DATA SHOWN:
▬▬▬▬▬▬▬▬▬▬

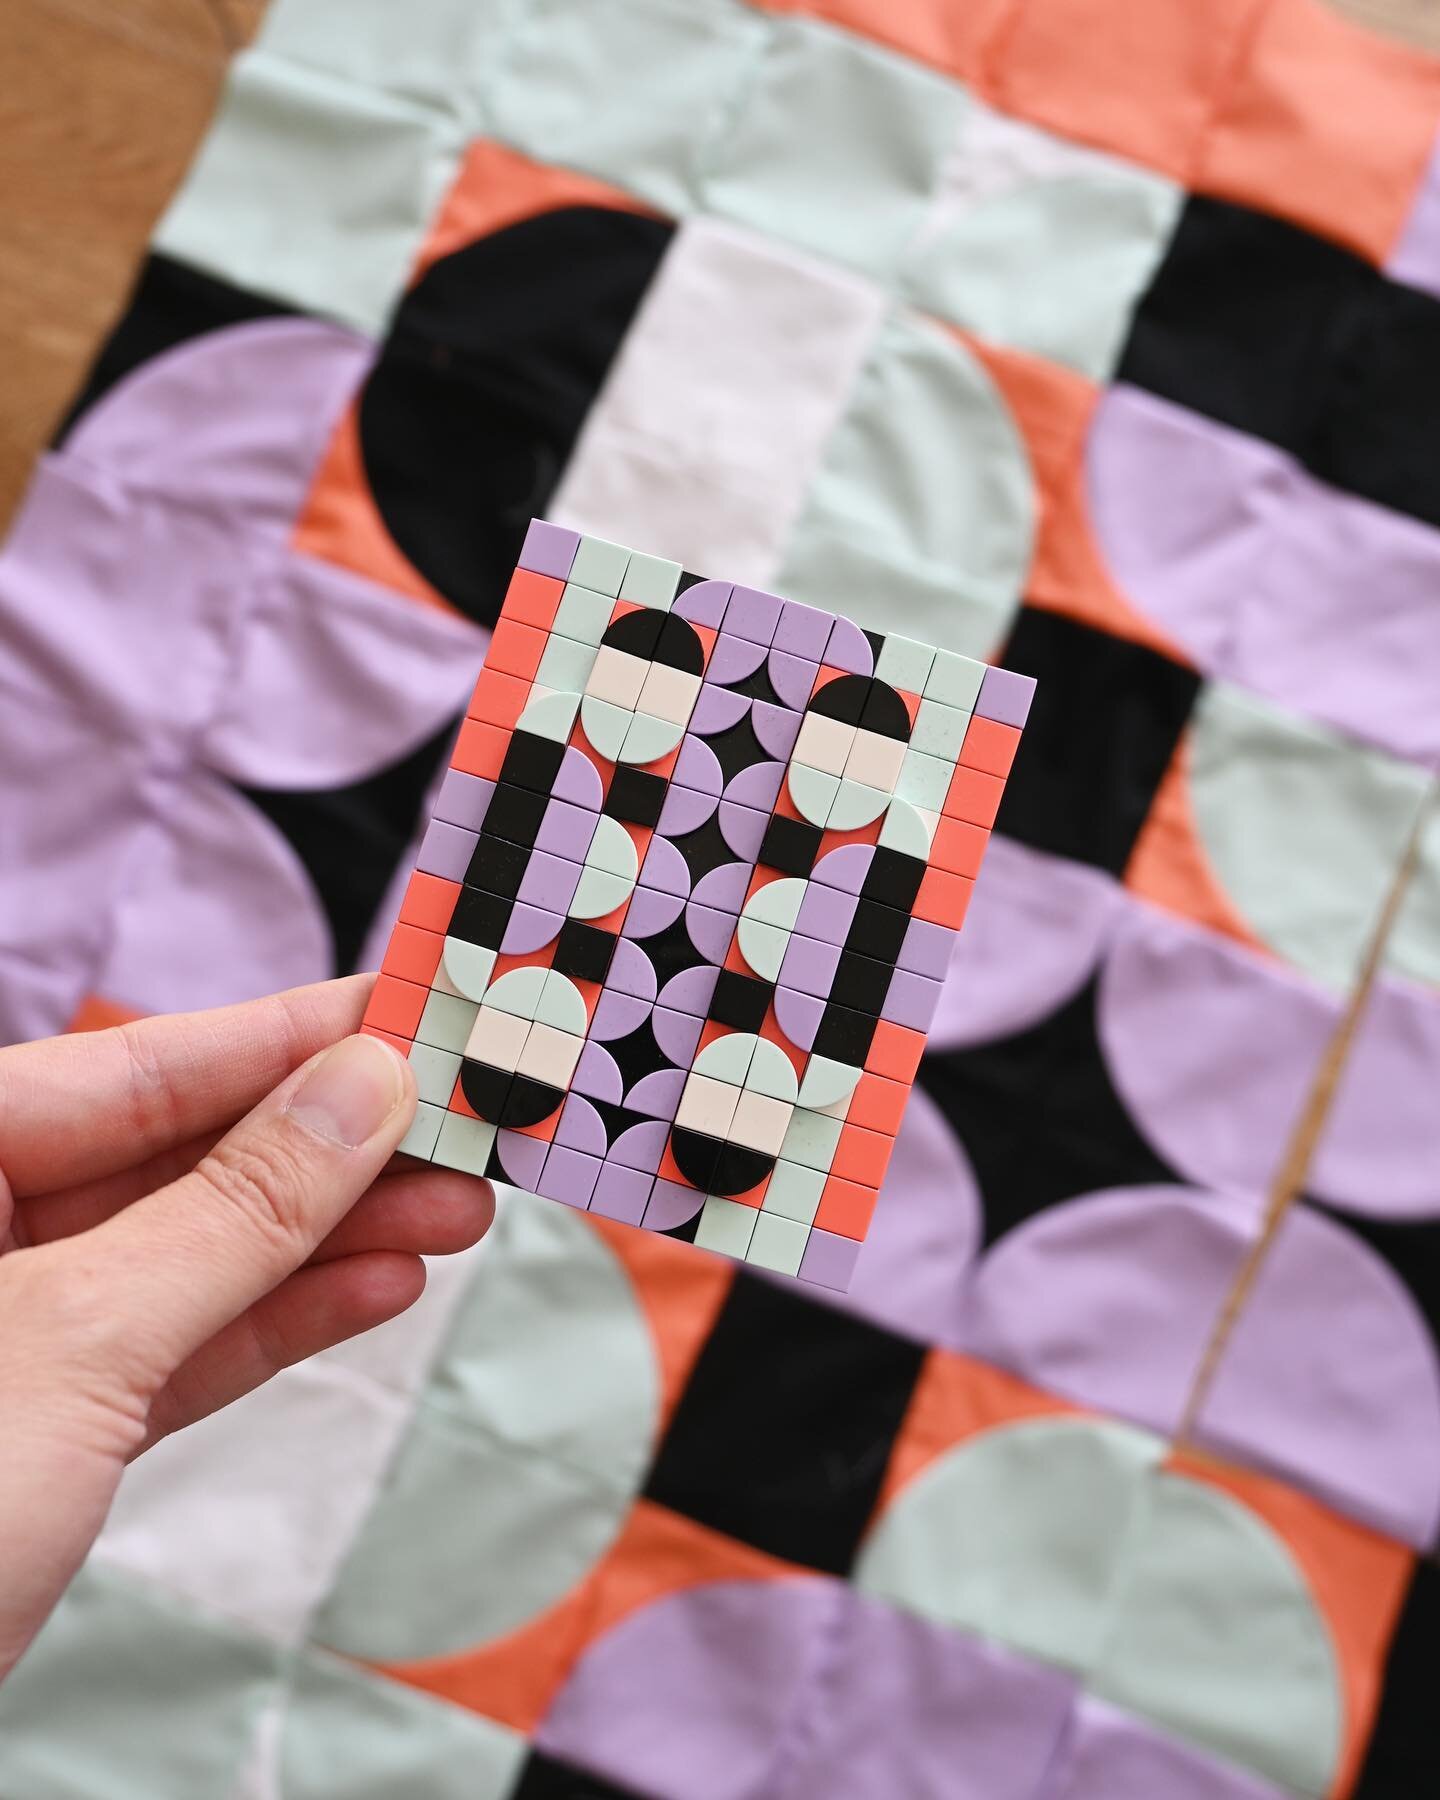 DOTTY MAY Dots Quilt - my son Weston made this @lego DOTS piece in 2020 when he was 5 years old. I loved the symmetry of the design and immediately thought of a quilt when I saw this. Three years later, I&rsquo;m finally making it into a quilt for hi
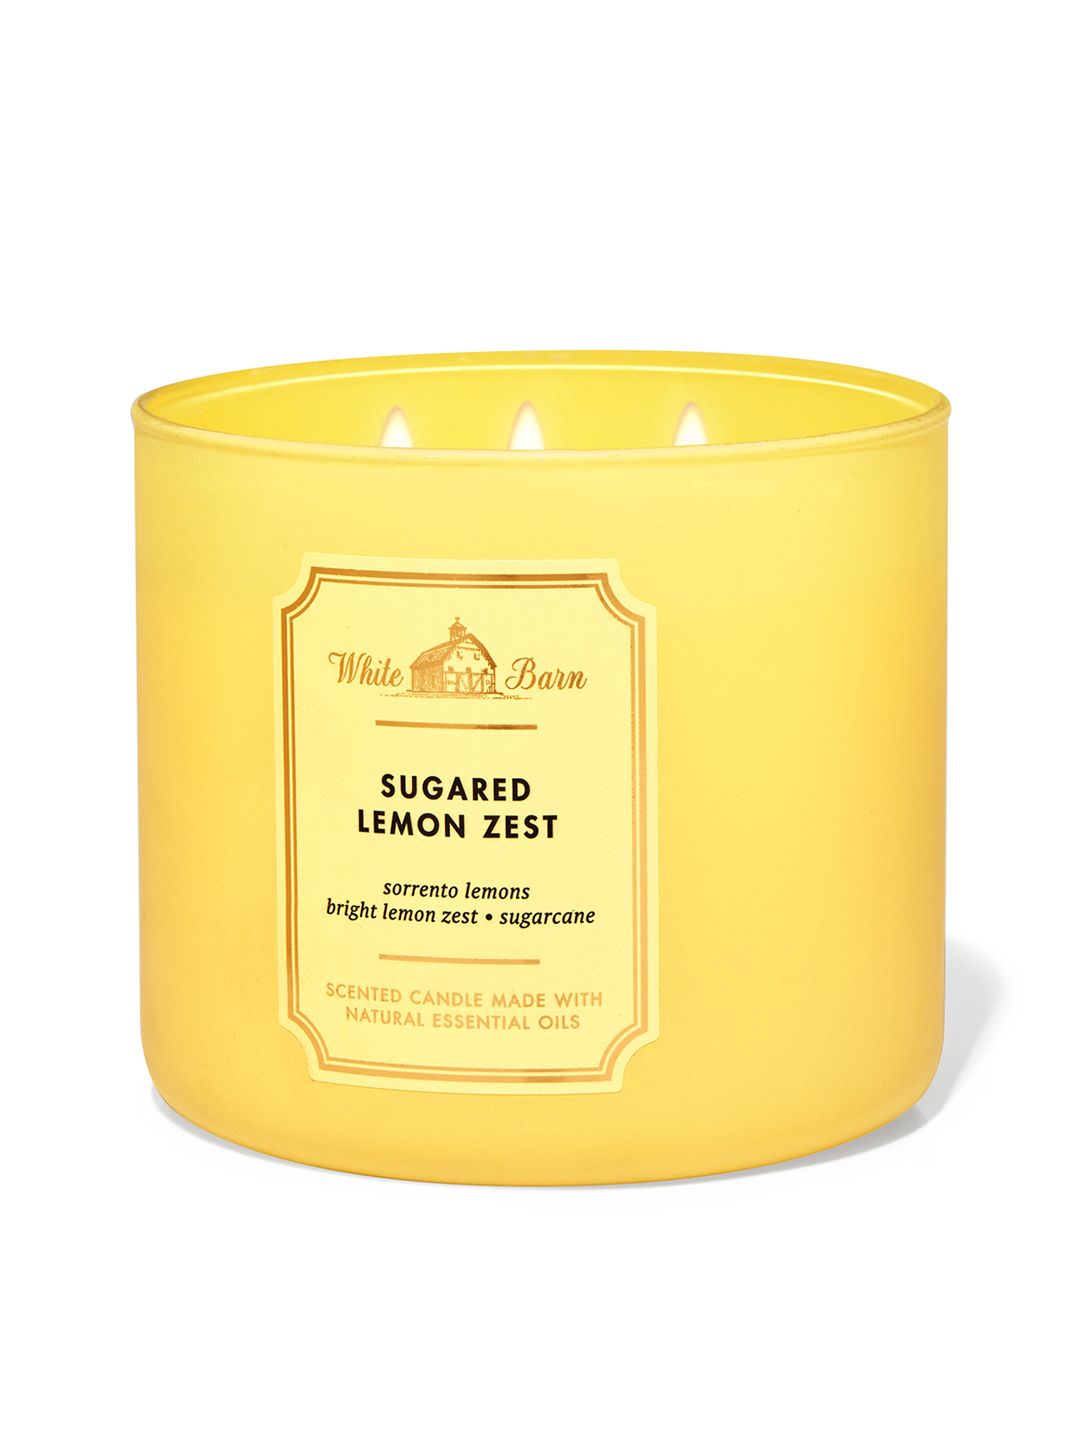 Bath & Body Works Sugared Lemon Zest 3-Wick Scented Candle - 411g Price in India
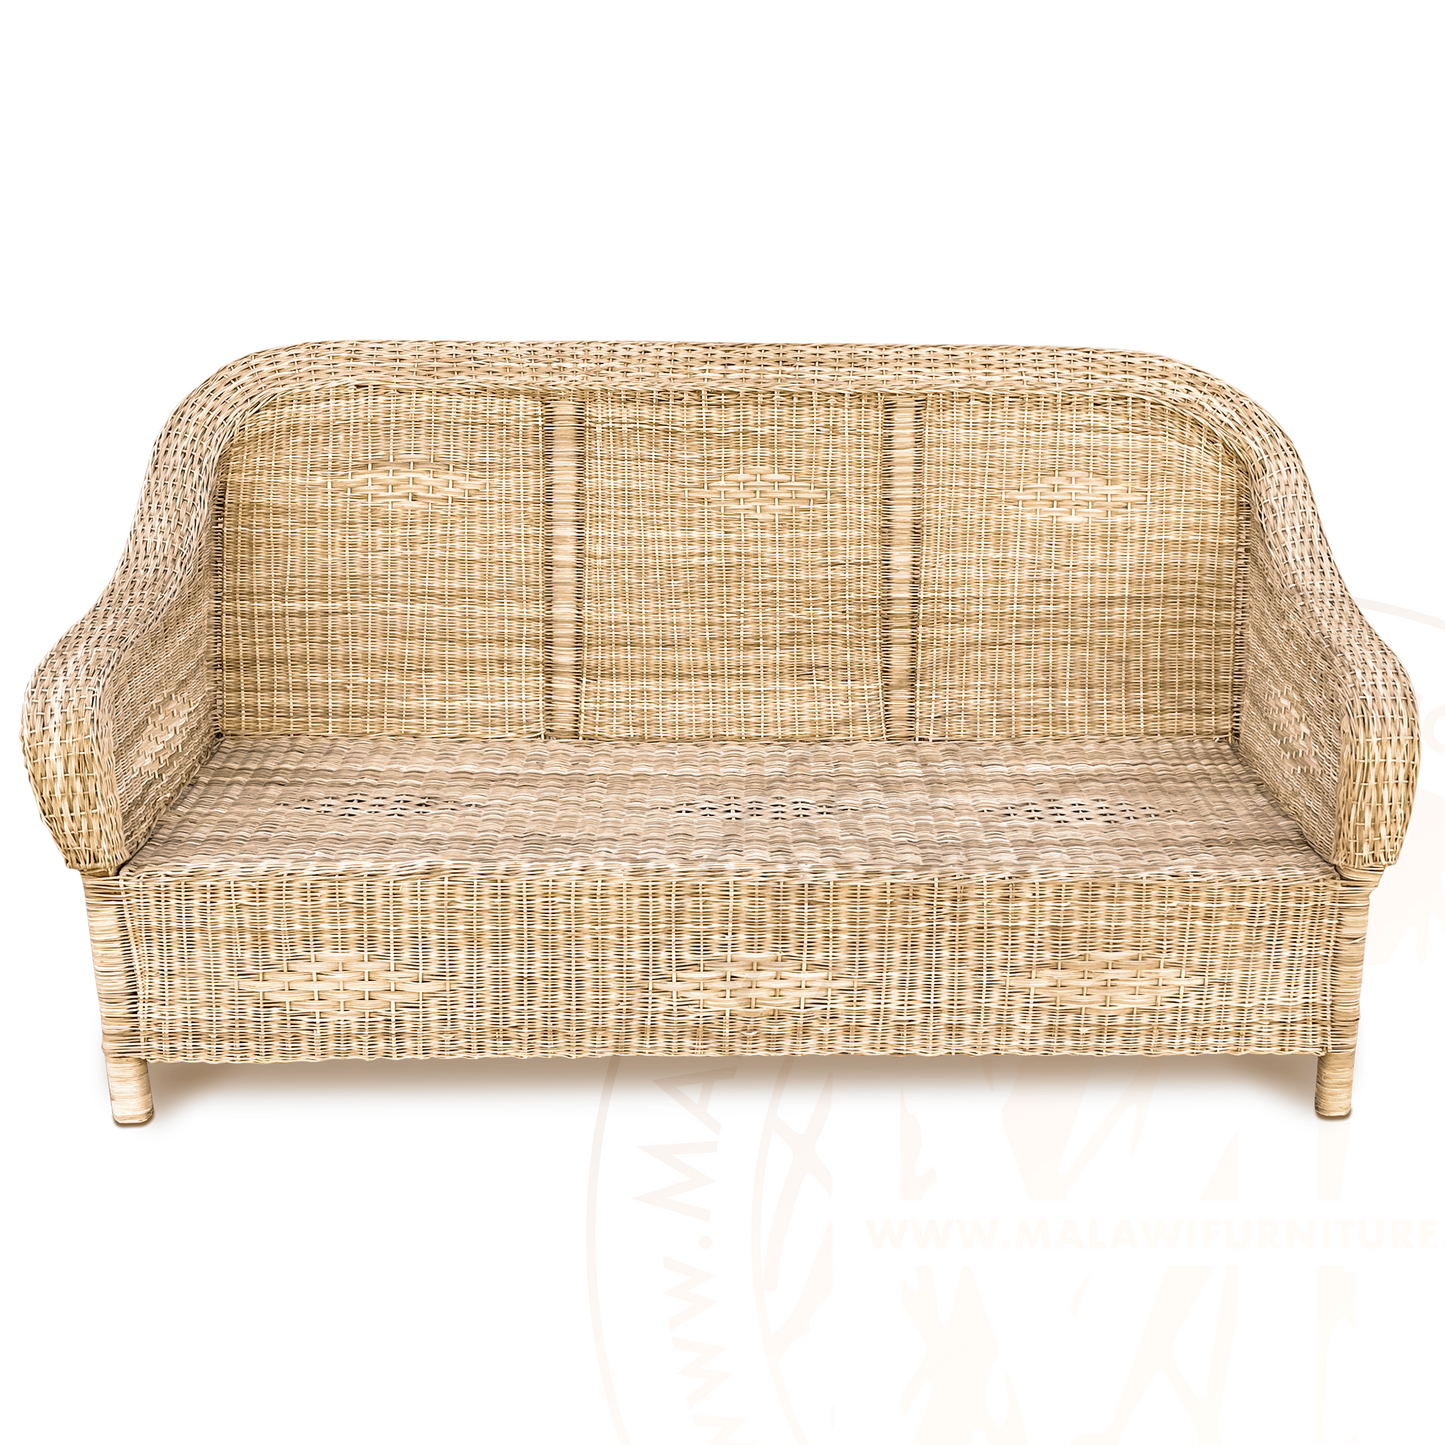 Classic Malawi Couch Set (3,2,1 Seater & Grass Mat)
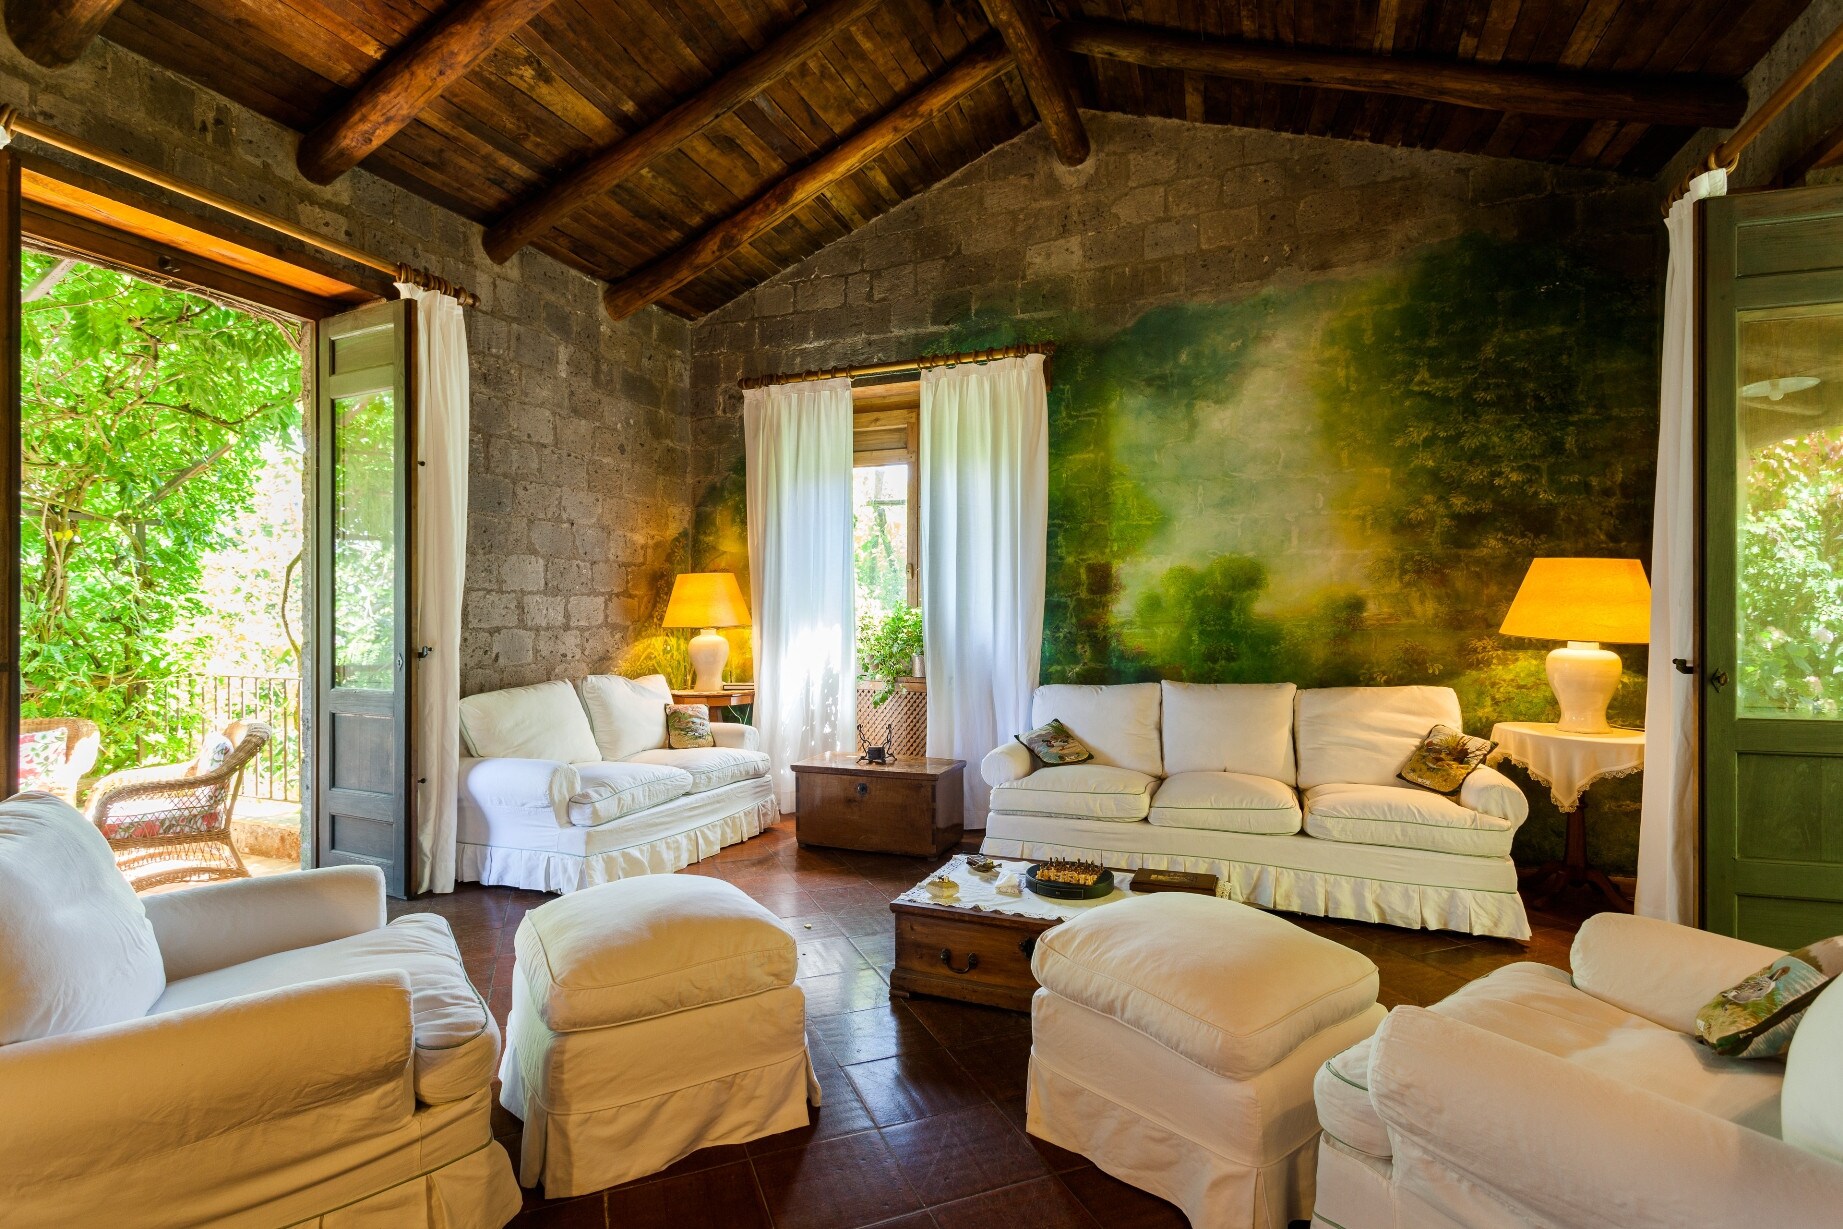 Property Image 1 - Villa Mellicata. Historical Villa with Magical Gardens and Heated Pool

▬▬▬▬▬▬▬▬▬▬

ACTIVITY:
Leaving the pictures aside, repeat the data above exactly.

OUTPUT FOR THIS TASK:
 DOTTY MAY Dots Quilt - my son Weston made this @lego DOTS piece in 2020 when he was 5 years old. I loved the symmetry of the design and immediately thought of a quilt when I saw this. Three years later, I&rsquo;m finally making it into a quilt for hi
 Bath & Body Works Sugared Lemon Zest 3-Wick Scented Candle - 411g Price in India
 Classic Malawi Couch Set (3,2,1 Seater & Grass Mat)
 Property Image 1 - Villa Mellicata. Historical Villa with Magical Gardens and Heated Pool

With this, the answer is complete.